= Beginning of Section =

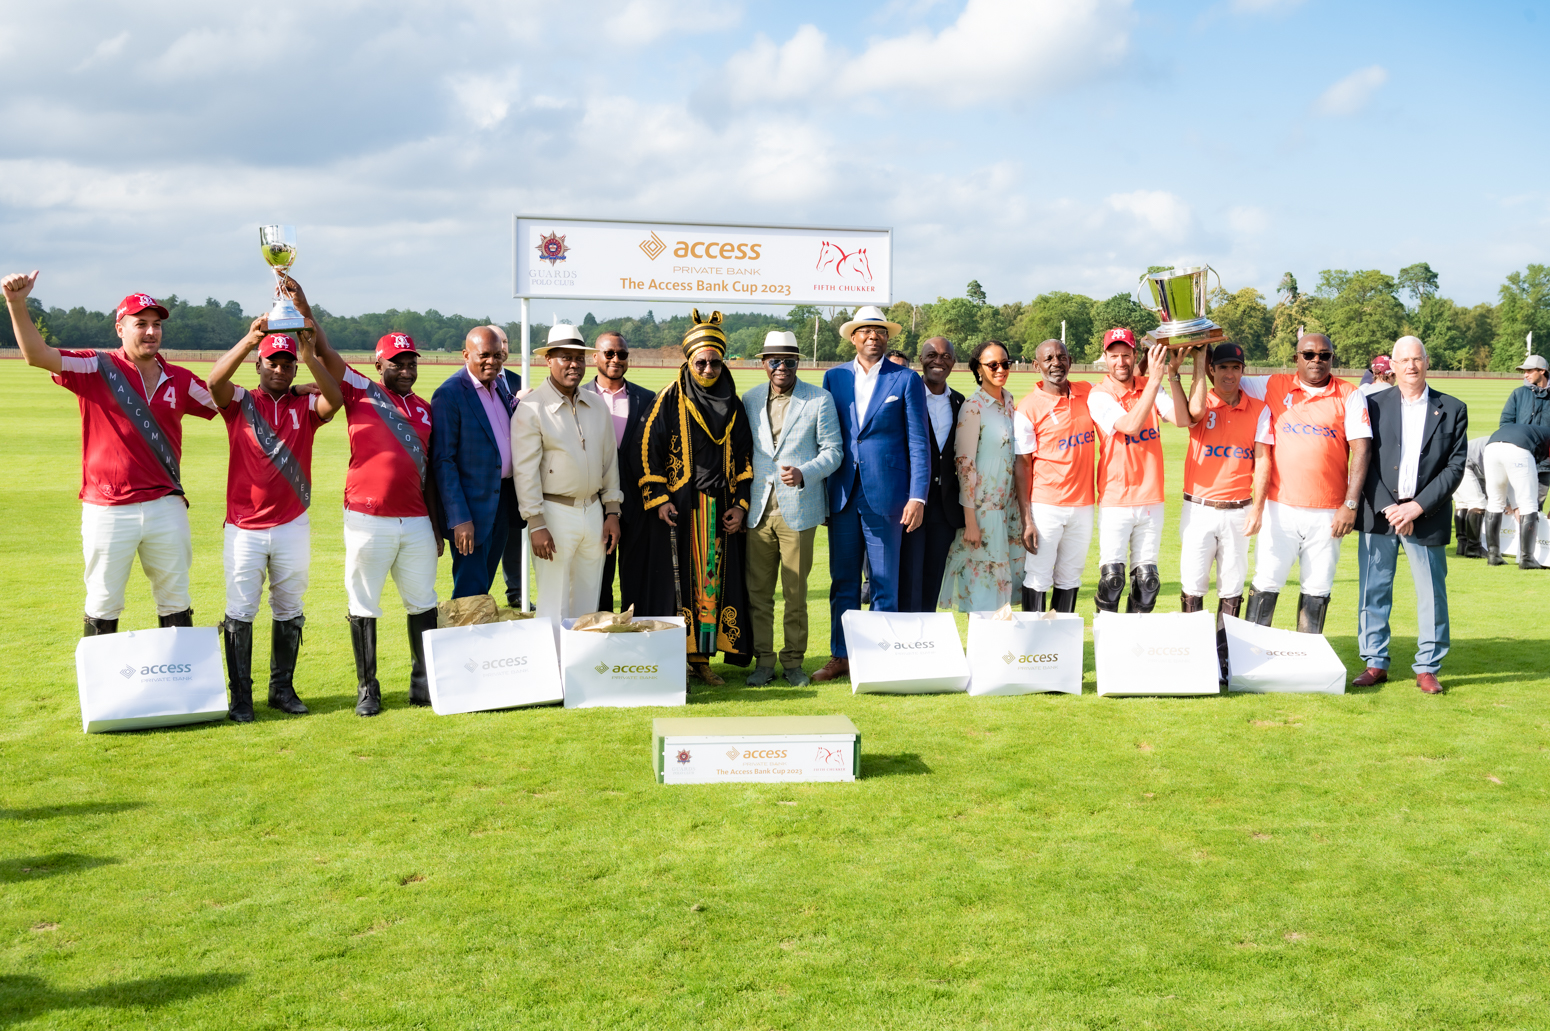 UK Polo Day: Access Holdings raises funds to secure brighter future for African children
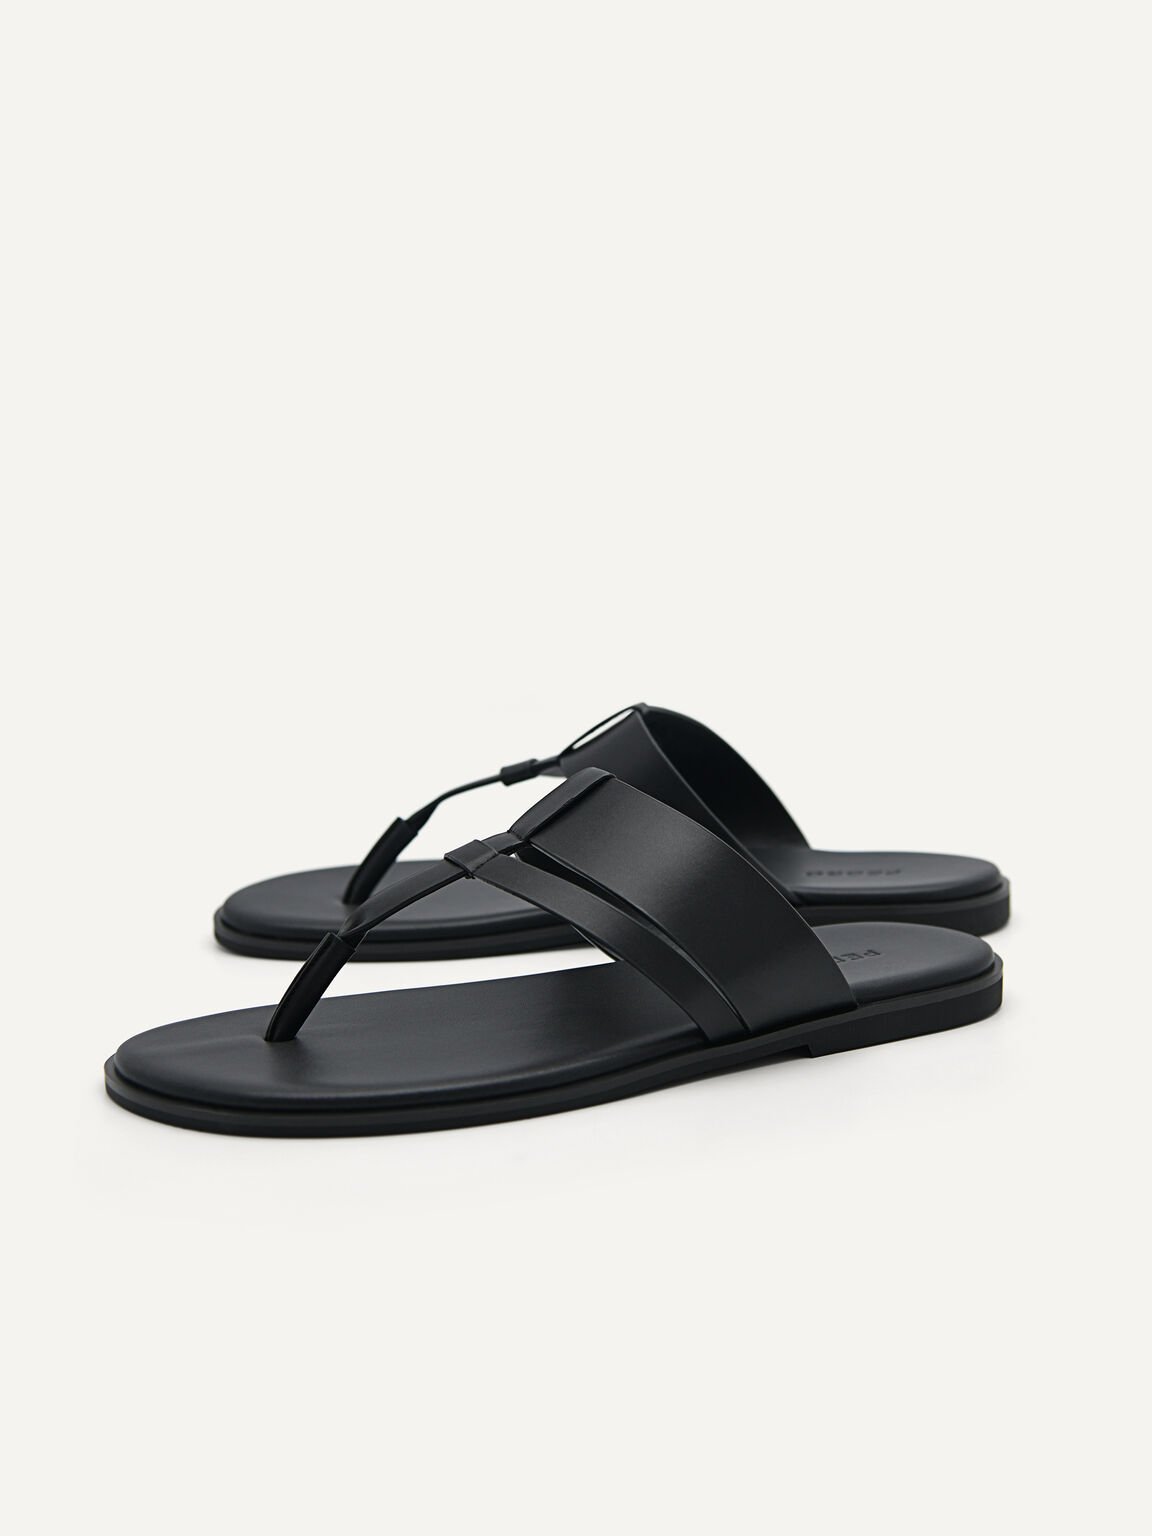 Synthetic Leather Grid Thong Sandals, Black
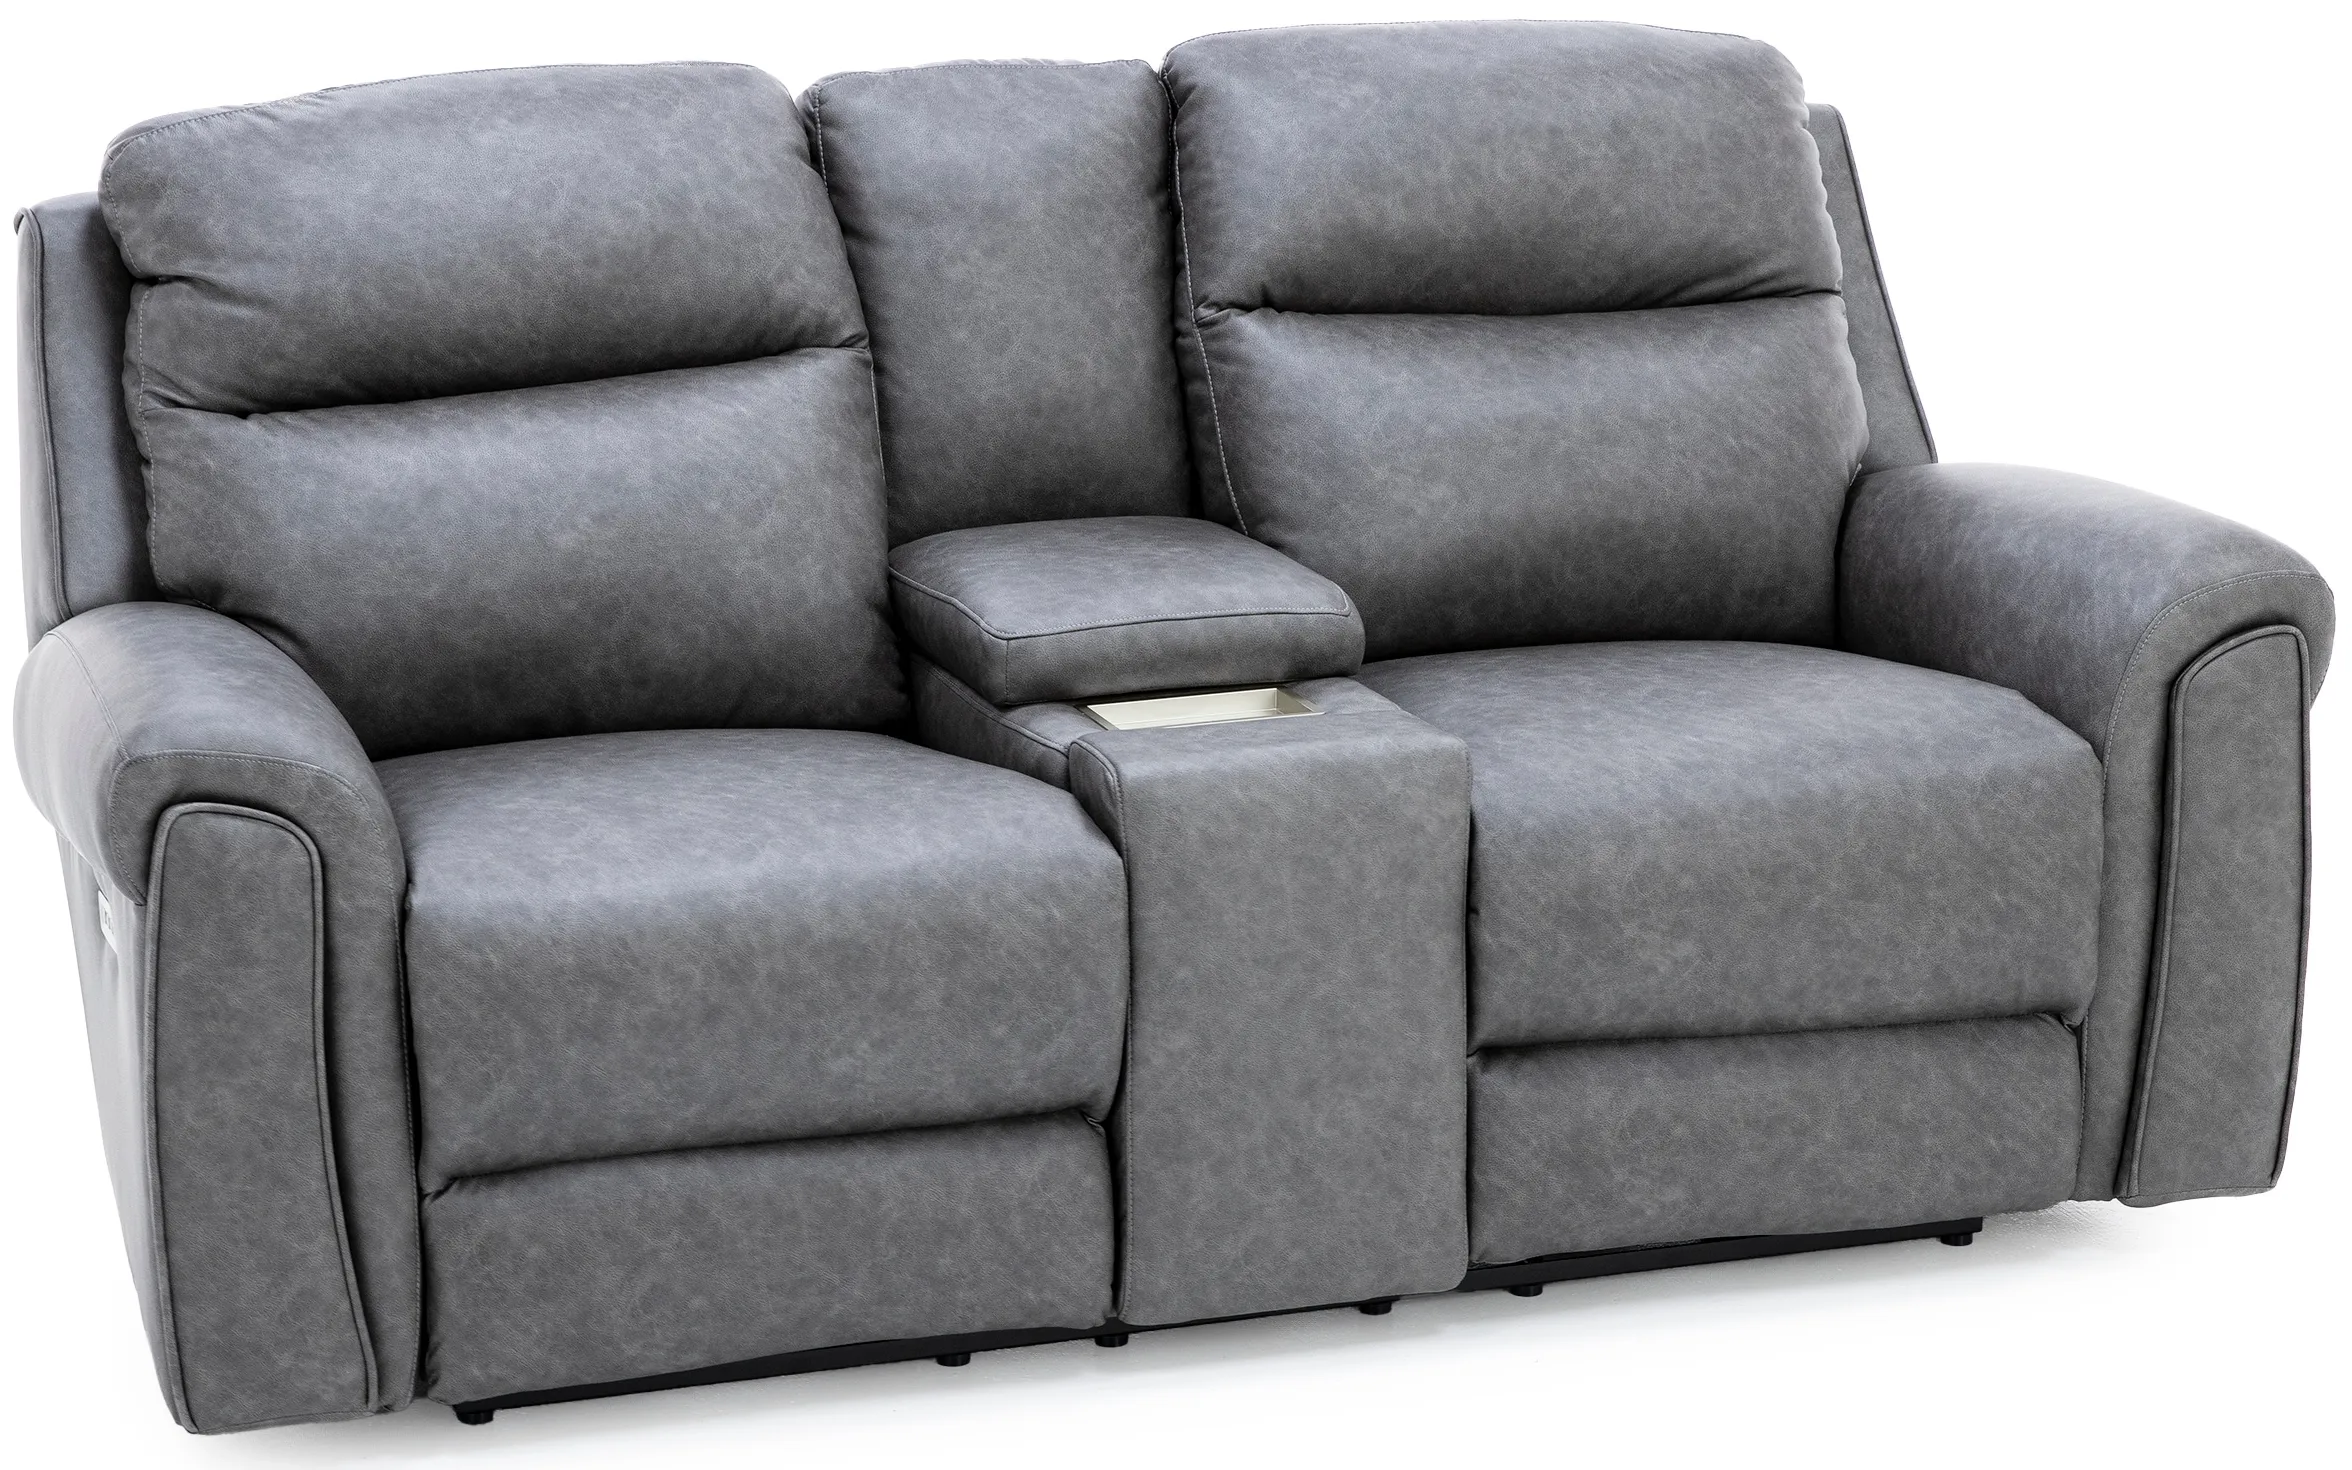 Nottingham Fully Loaded Reclining Wall Saver Console Loveseat with Next Level

= End of Section =

> _Your goal_:
Your job is to reproduce the material exactly. Keep pictures out of it.

> _Reply_:
 UK Polo Day: Access Holdings raises funds to secure brighter future for African children
 Synthetic Leather Grid Thong Sandals, Black
 Nottingham Fully Loaded Reclining Wall Saver Console Loveseat with Next Level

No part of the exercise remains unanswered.